Там, в сторону парка, было отделение Академии Наук, а говорят, и какой-то разведслужбы, и стояла запертая церквушка, и чуть дальше было лысоватое озерцо.
Как-то раз мы с подружкой заметили, что оконце этой церквушки, обычно забитое досками, открыто. Мы заглянули в него, проходя. Внутренность была забита штабелями исписанной бумаги. Вся церковь была одним большим вместилищем каких-то смятых рукописей. Потом из газеты «Совершенно Секретно» я узнал, что это были немецкие архивы, по поводу которых Россия и Германия вели долгую тяжбу.
Приехать в Америку с десятью долларами в кармане и сделать там карьеру—что может быть более типично? Так как у меня было всего 10 долларов, я чувствовал, что мне предстоит стать миллионером. Но первая проблема была—у кого бы занять денег, чтобы выжить? Украинец, который меня встречал, отказался ссудить. А что ни зъил, то покусал. Ссудил американский профессор философии, и когда я пытался всучить ему расписку, он отказался, говоря: мой молодой друг, эта страна построена на понятии кредита, а кредит—это доверие.
Я ещё не знал тогда, что кредит—это краеугольный камень американского сознания и «благосостояния». Они не решили проблему бедности—они просто предложили всем бедным стать бессрочными должниками. Население живёт в кредит—самому себе, своим детям, внукам и правнукам. Так что те из нас, что беспокоятся о займах и что придётся платить—могут релакснуть. Платить придётся всем, и самим американцам в первую очередь, а не нам одним. А когда всем платить, то значит—ни одному. Это—во-первых. А во-вторых—на хрена платить? На хрена эта видимость, эфемерность наличия добра, капитала, если его нет? И зачем, вообще, увеличивать его отсутствие, занимая из своих же собственных кредитов? Чтобы благоденствовать при жизни, так как жизнь даётся только один раз? Вернее, по-американски: благоденствовать здесь и сейчас. Теперь и сию же секунду. И благоденствовать-то в смысле: потреблять массовую продукцию.

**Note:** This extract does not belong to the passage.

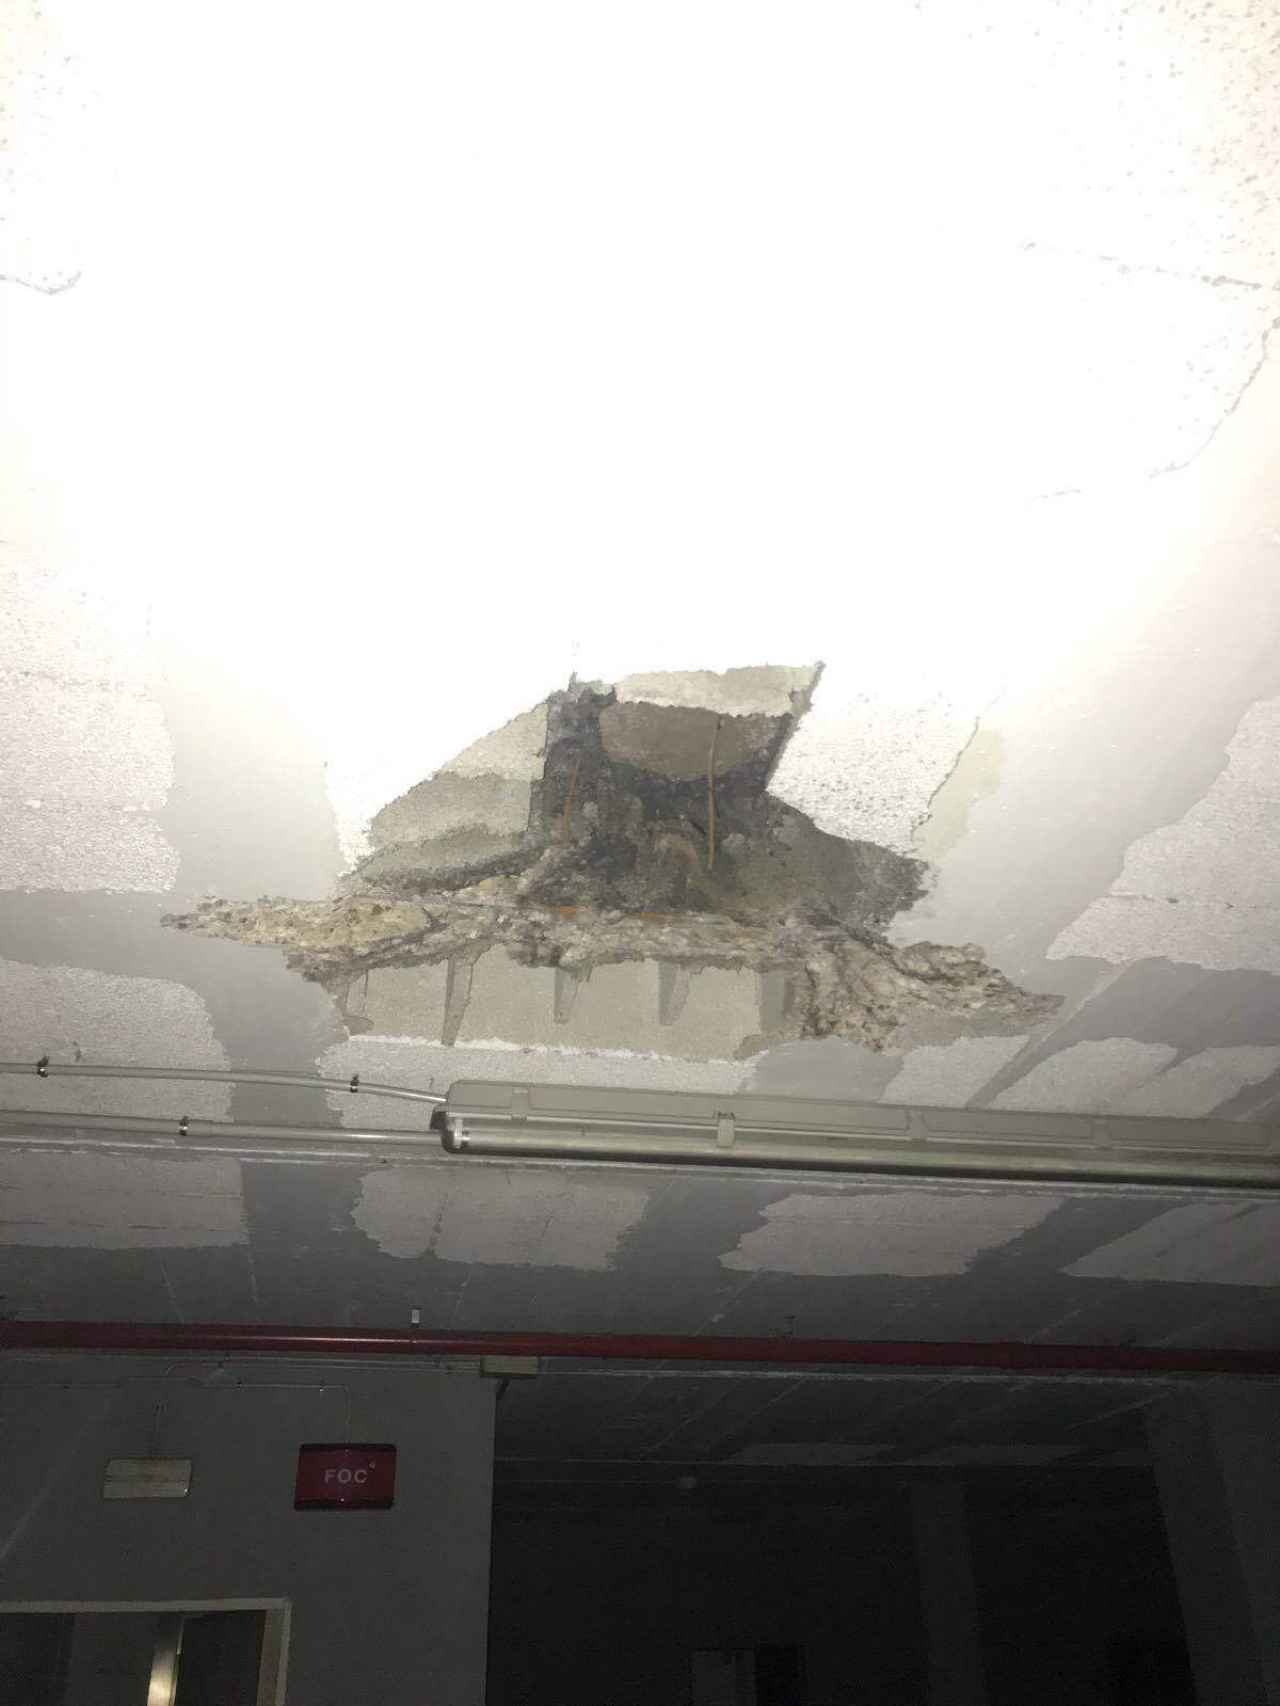 La explosión ha provocado boquetes en el techo del inmueble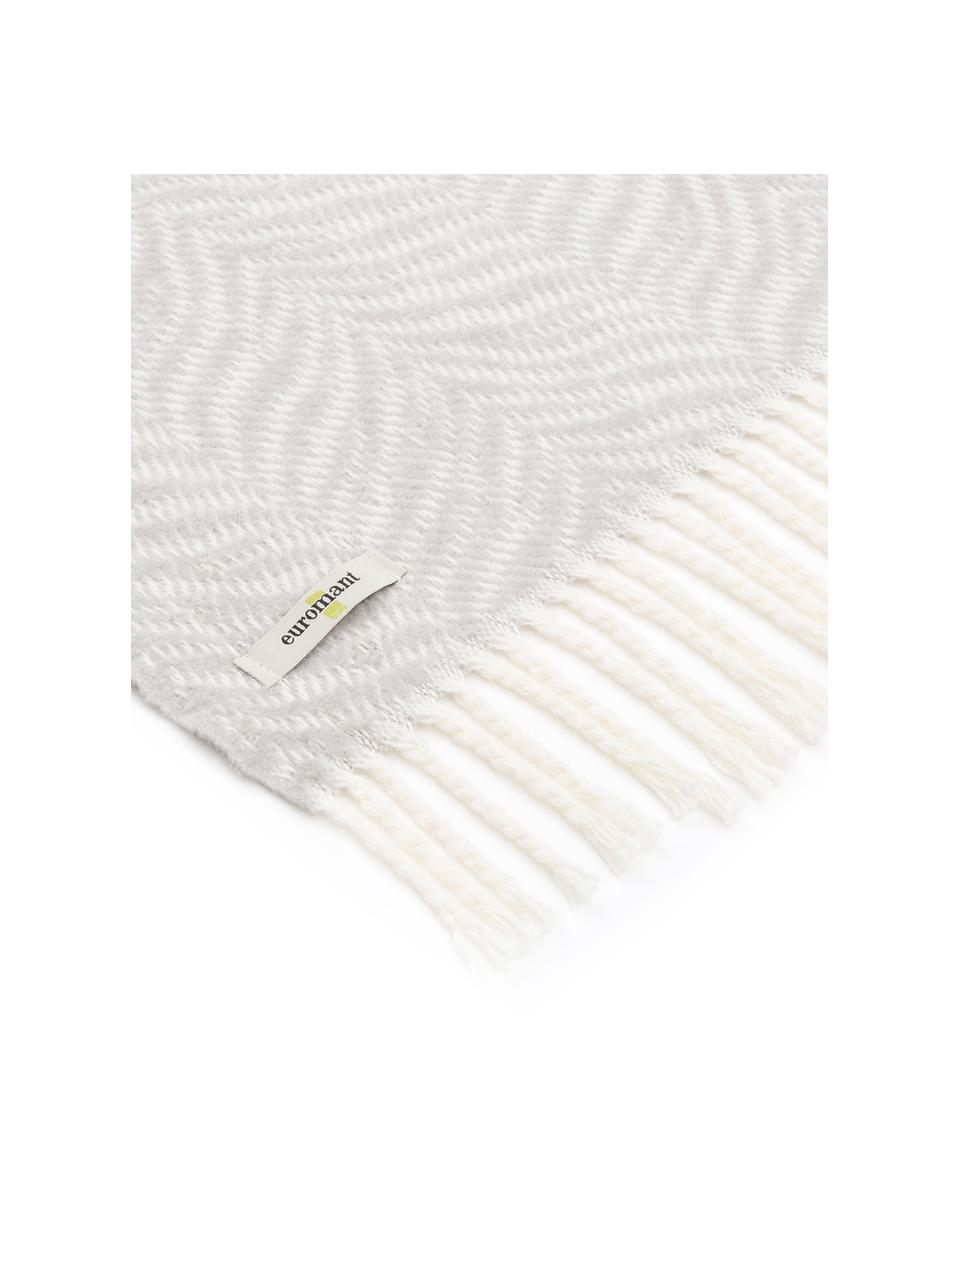 Manta Tigre, 50% algodón, 50% acrílico, Gris claro, blanco crudo, An 140 x L 180 cm

Ну их в жопу! Для меня благоденствие—это когда над моей душой не висит и мне на плечи не давит мысль, что я должен оплачивать свой дом в течение последующих девяноста девяти лет беспрестанной работы—и на треть больше, чем его стоимость—из-за рассрочки. Так что в последующие 99 лет я не имею права терять работу, болеть, умирать, или разводиться—а то дом потеряю. Для меня благоденствие, как для Гека Финна—это когда утром умываться не надо, и галстук нацеплять—когда не надо принимать решений, и твоё будущее всё линейкой не расчерчено, и не надо жить конвейерным способом, выписывая ежемесячно 25 чеков, и никакие обязательства сверхмерные, сверх того что ты можешь выдюжить, не давят мне на плечи.
Место, где я жил, было «посредине нигде», как говорили американцы. Я долго пытался разобраться, что я там чувствую. Это было сложно. Иногда это напоминало любую провицию большой страны, какой-нибудь Солнечногорск или Норильск—узкомыслие, провинциализм, диктат коммуны, неприятие непонятного поведения. Все знали, кто с кем спит. Все только этим и интересовались. Если кто-то начинал с кем-то спать, это вело к настолько коренным последствиям, что люди старались уж и не начинать.
Долгое время я жил впроголодь, не понимая, почему. Потом сообразил, что я покупаю дешёвую еду. А она ненастоящая. Но с виду этого не скажешь. Ты её готовишь и ешь, а в ней нет никакого вкуса. И никаких калорий. Зато—и никакого холестерола. Вокруг меня все были неимоверно толсты, и никто не испытывал потребности в нормальной и вкусной пище. Все ели то, что у них называется «мусорная еда»: пиццу и чипсы. Но эти пицца и чипсы тоже могут быть более или менее насыщающими. То, что подавалось там, посредине нигде, в одноэтажной Америке, не было насыщающим никак.
Поняв, что я так умру, я стал искать более дорогую пищу. Иногда она находилась. Но в основном там её не было вовсе. Я хирел от отсутствия помидоров, вкусных мне с детства. Калифорнийские помидоры—это враньё. В конце концов в каком-то захолустье я нашёл ливанский магазин, где можно было купить армянские продукты—лаваш и бастурму. Они тоже были обманом! Мои вкусовые пупырышки и бочоночки у меня в желудке привыкли к совершенно определённым ощущениям—тем, которые содержатся в продуктах, купленных на ереванском Крытом Рынке. Всё остальное оставляло мой организм разочарованным.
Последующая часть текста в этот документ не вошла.